Activation of invariant NKT cells by the helminth parasite schistosoma mansoni.
Mallevaey T., Zanetta JP., Faveeuw C., Fontaine J., Maes E., Platt F., Capron M., de-Moraes ML., Trottein F.
Mouse CD1d-restricted NKT cells, including invariant (i)NKT cells, are innate cells activated by glycolipid Ags and play important roles in the initiation and regulation of immune responses. Through their ability to promptly produce large amounts of Th1 and/or Th2 cytokines upon TCR engagement, iNKT cells exert crucial functions in the immune/inflammatory system during bacterial, protozoan, fungal, and viral infections. However, their roles during metazoan parasite infection, which are generally associated with strong Th2 responses, still remain elusive. In this study, we show that during the course of murine schistosomiasis, iNKT cells exhibit an activated phenotype and that following schistosome egg encounter in the liver, hepatic iNKT cells produce both IFN-gamma and IL-4 in vivo. We also report that schistosome egg-sensitized dendritic cells (DCs) activate, in a CD1d-dependent manner, iNKT cells to secrete IFN-gamma and IL-4 in vitro.
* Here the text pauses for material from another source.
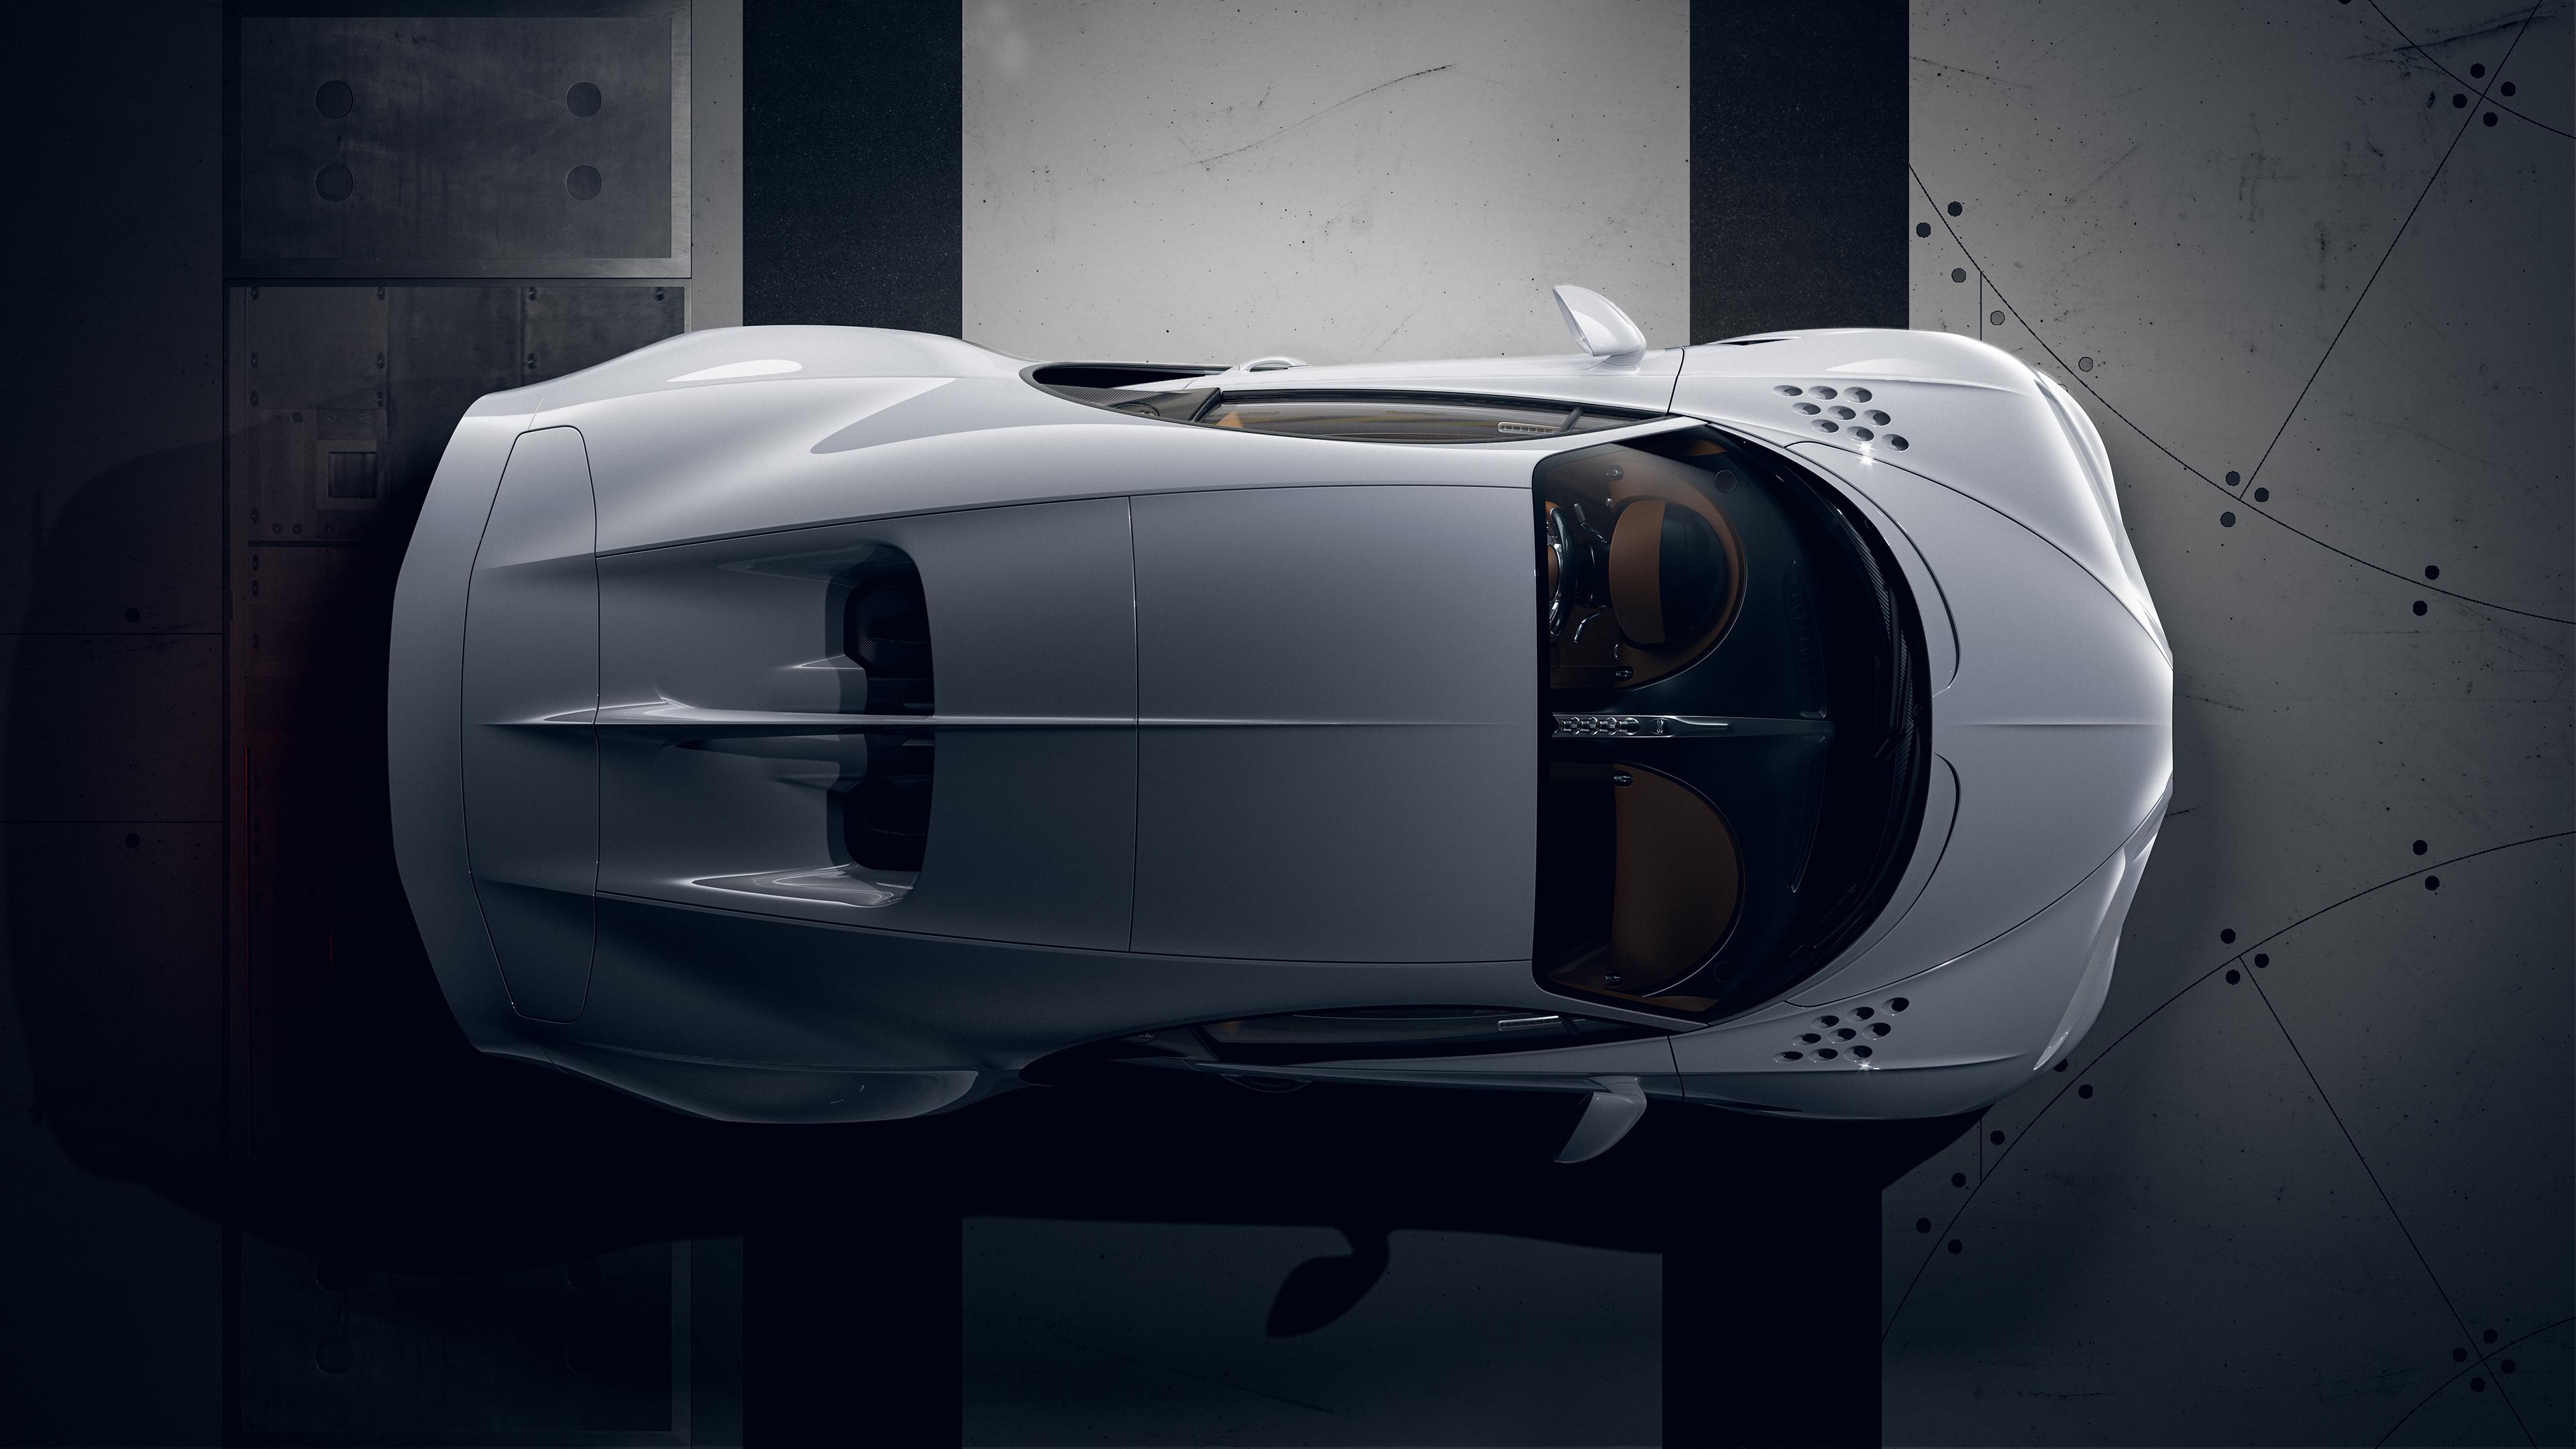 Bugatti Chiron Super Sport Top View Rendering
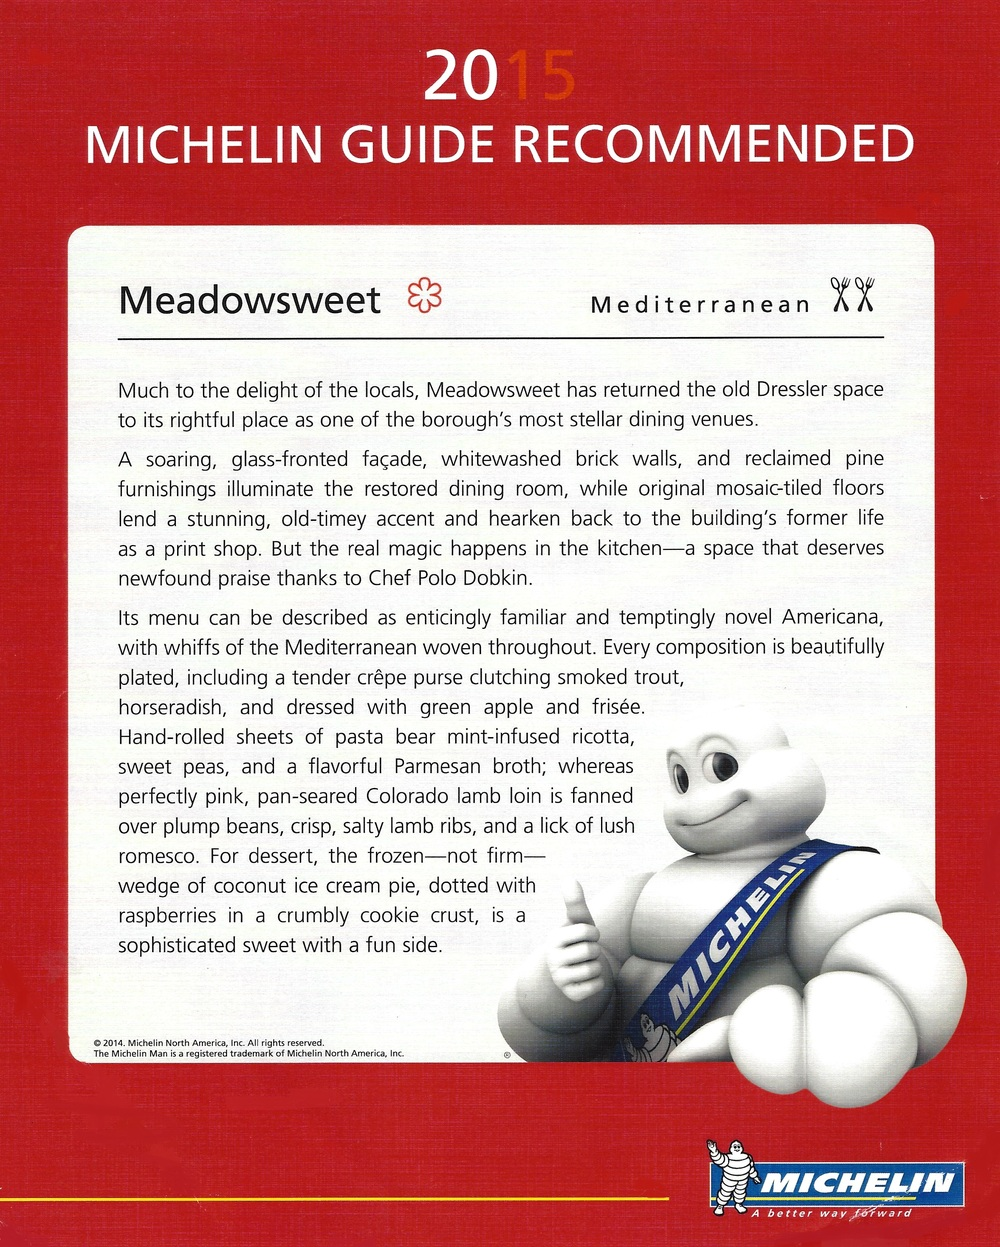 Michelin2015.jpg

Interestingly, transfer of egg-sensitized DCs promotes a strong Th2 response in recipient wild-type mice, but not in mice that lack iNKT cells. Engagement of TLRs in DCs is not necessary for iNKT cell stimulation in response to egg-sensitized DCs, suggesting an alternative pathway of activation. Finally, we propose that self, rather than parasite-derived, CD1d-restricted ligands are implicated in iNKT cell stimulation. Taken together, our data show for the first time that helminths can activate iNKT cells to produce immunoregulatory cytokines in vivo, enabling them to influence the adaptive immune response.